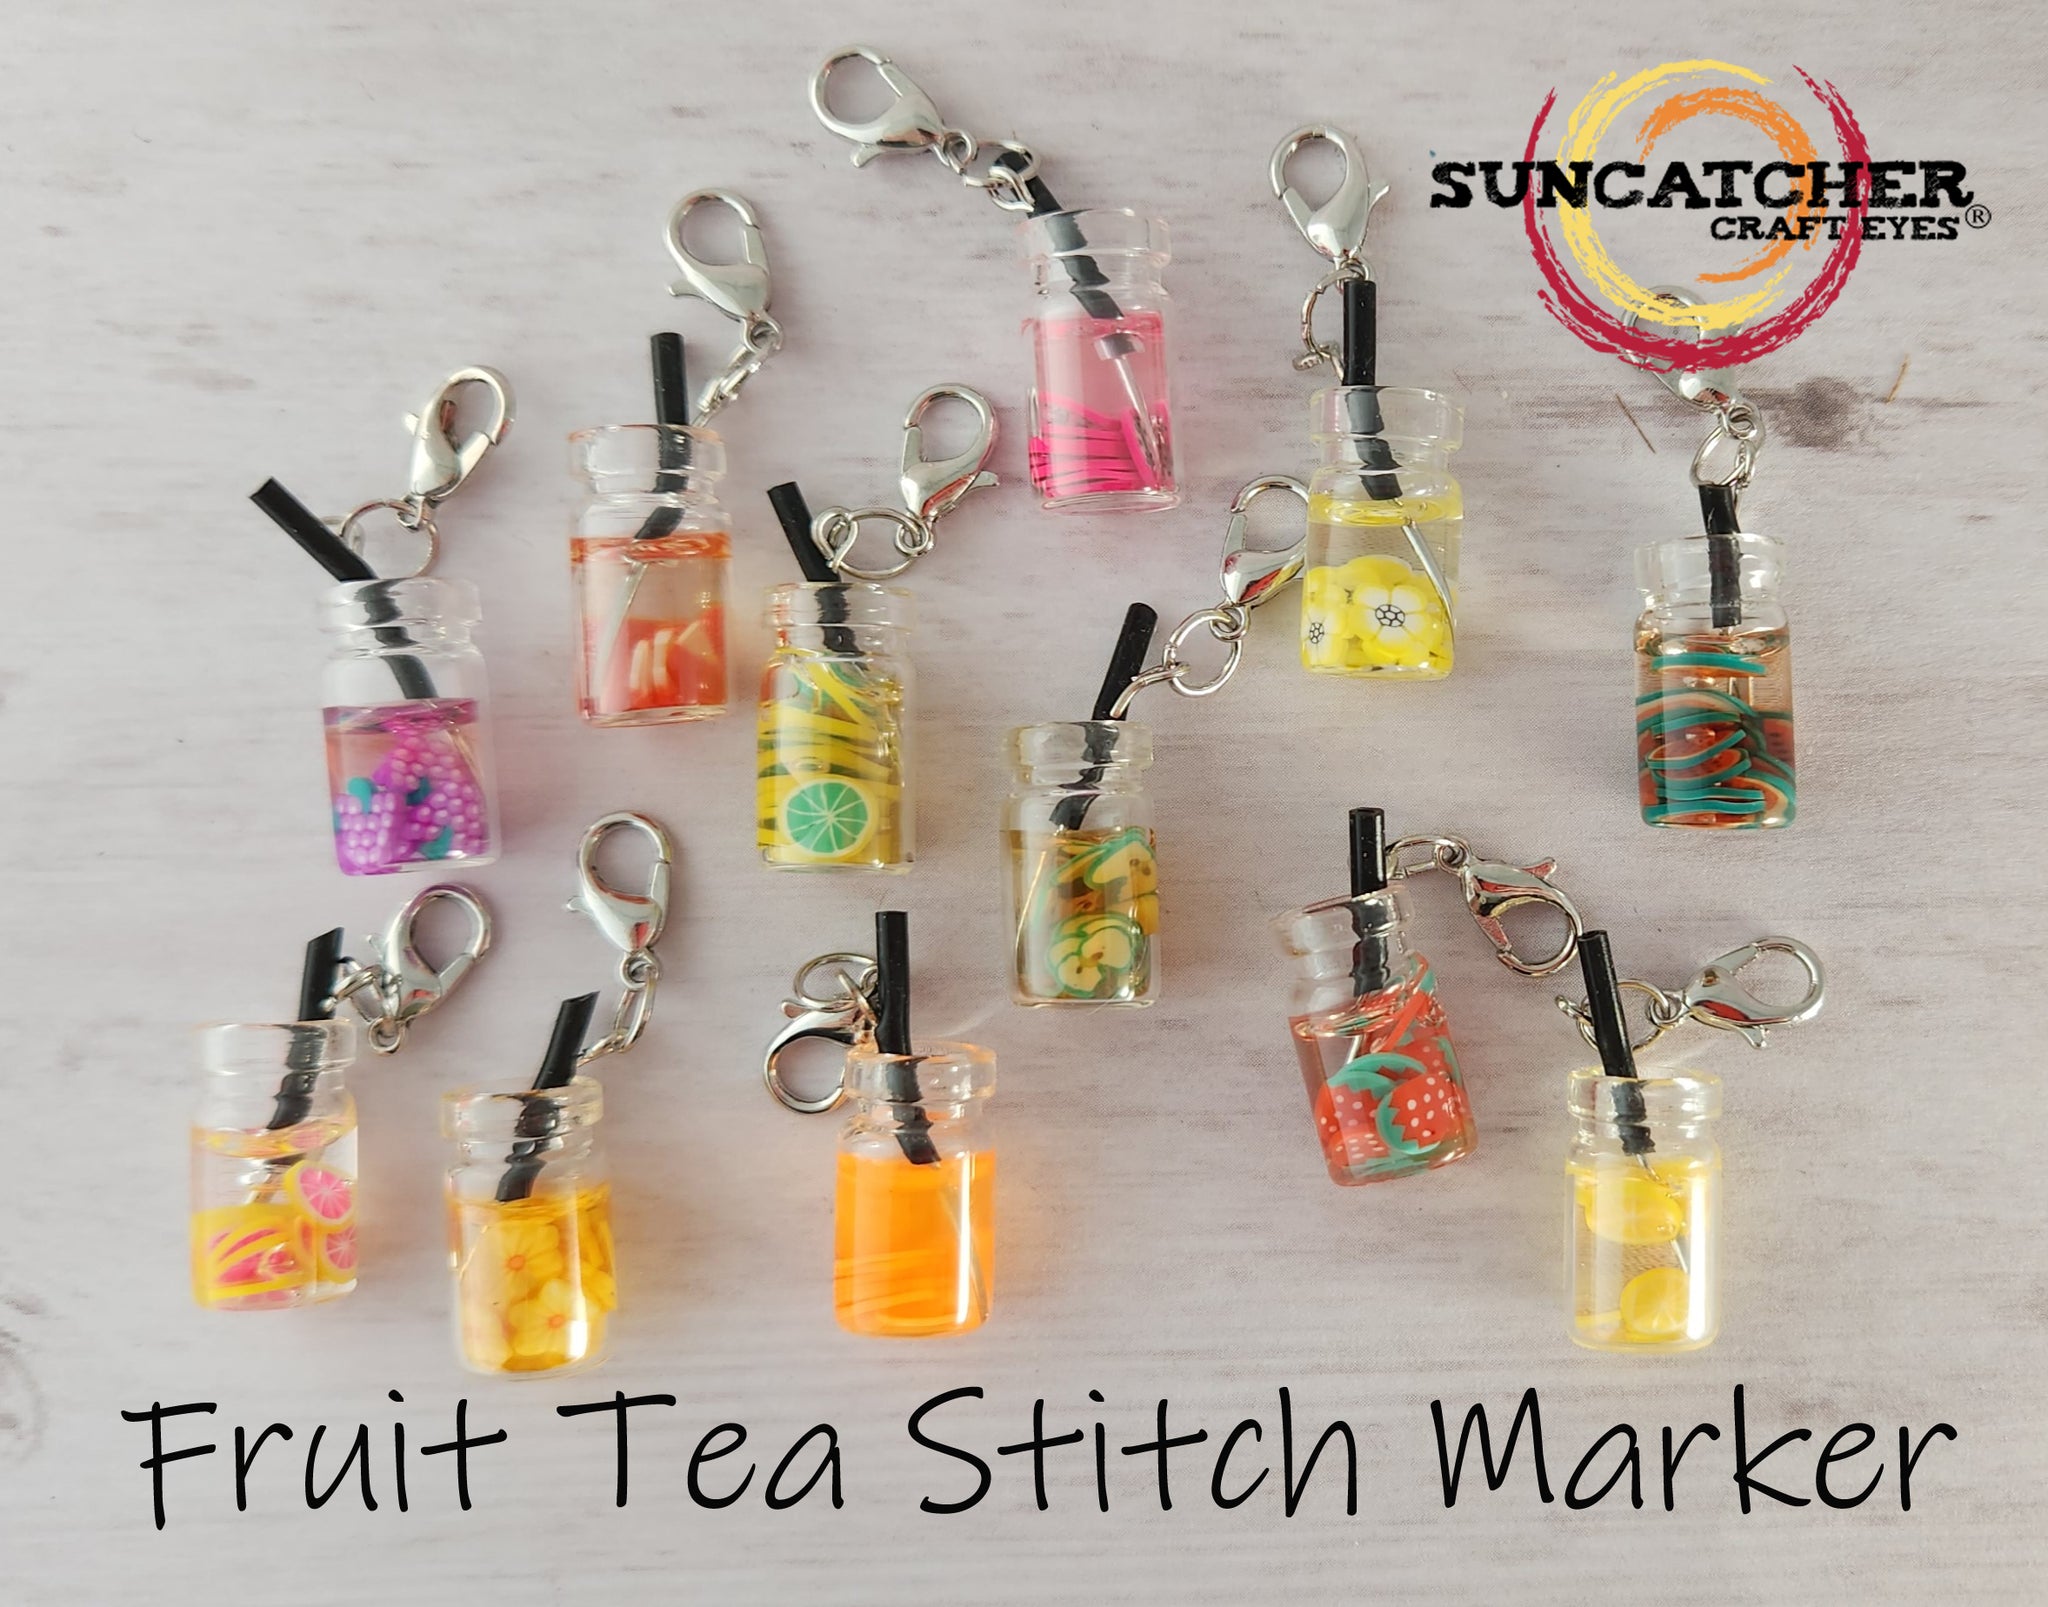 Fruit Tea Stitch Marker – Suncatcher Craft Eyes
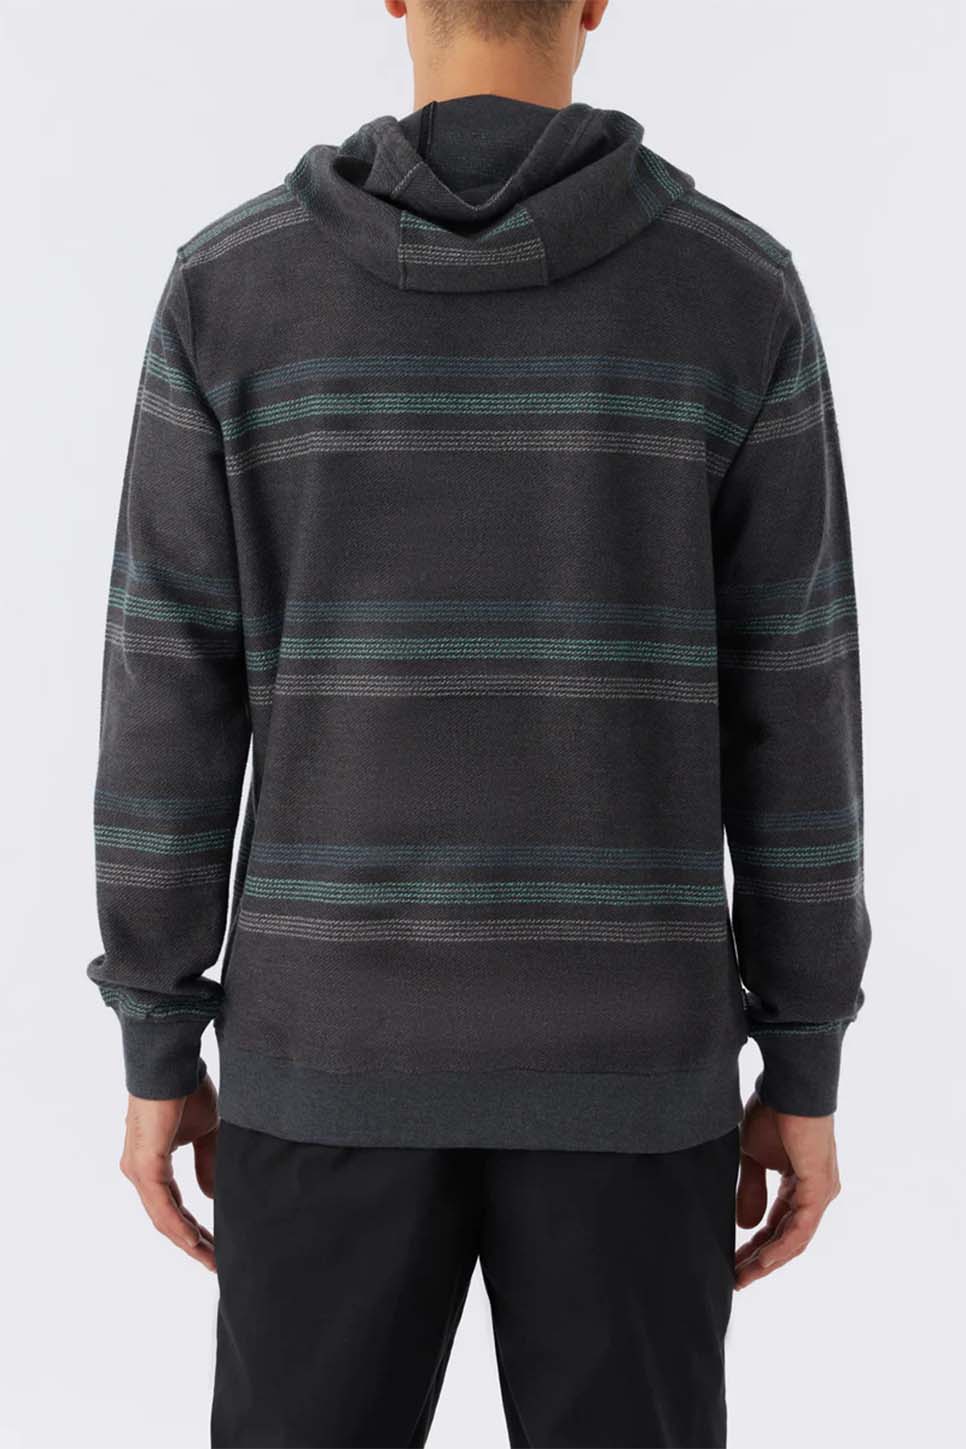 O'Neill - Bavaro Striped Pullover - Black 2 - Back
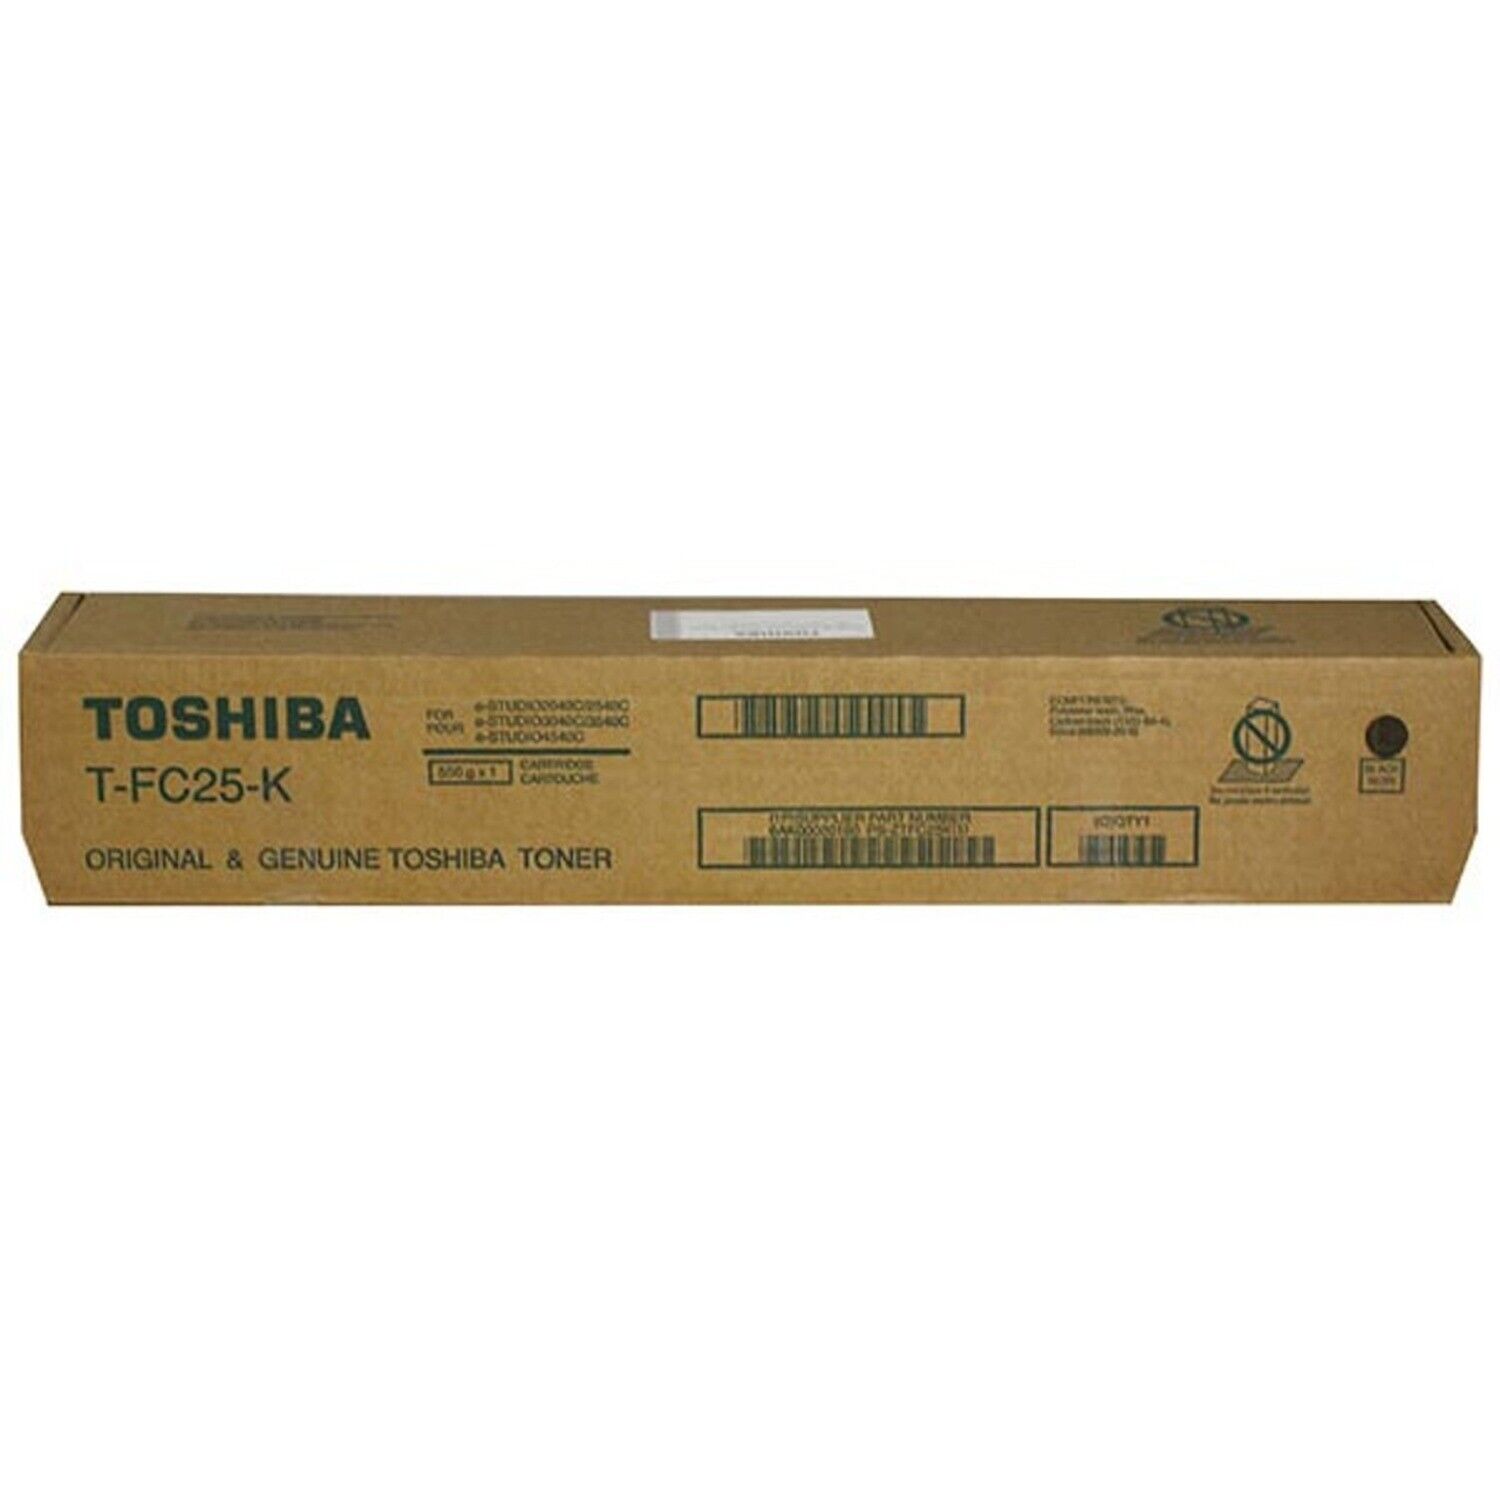 Genuine Toshiba T-FC25-K Black Toner Cartridge

Brief: An unaltered copy of the material, without images, should be set down.

Written answer:
 Fruit Tea Stitch Marker – Suncatcher Craft Eyes
 O'Neill - Bavaro Striped Pullover - Black 2 - Back
 Genuine Toshiba T-FC25-K Black Toner Cartridge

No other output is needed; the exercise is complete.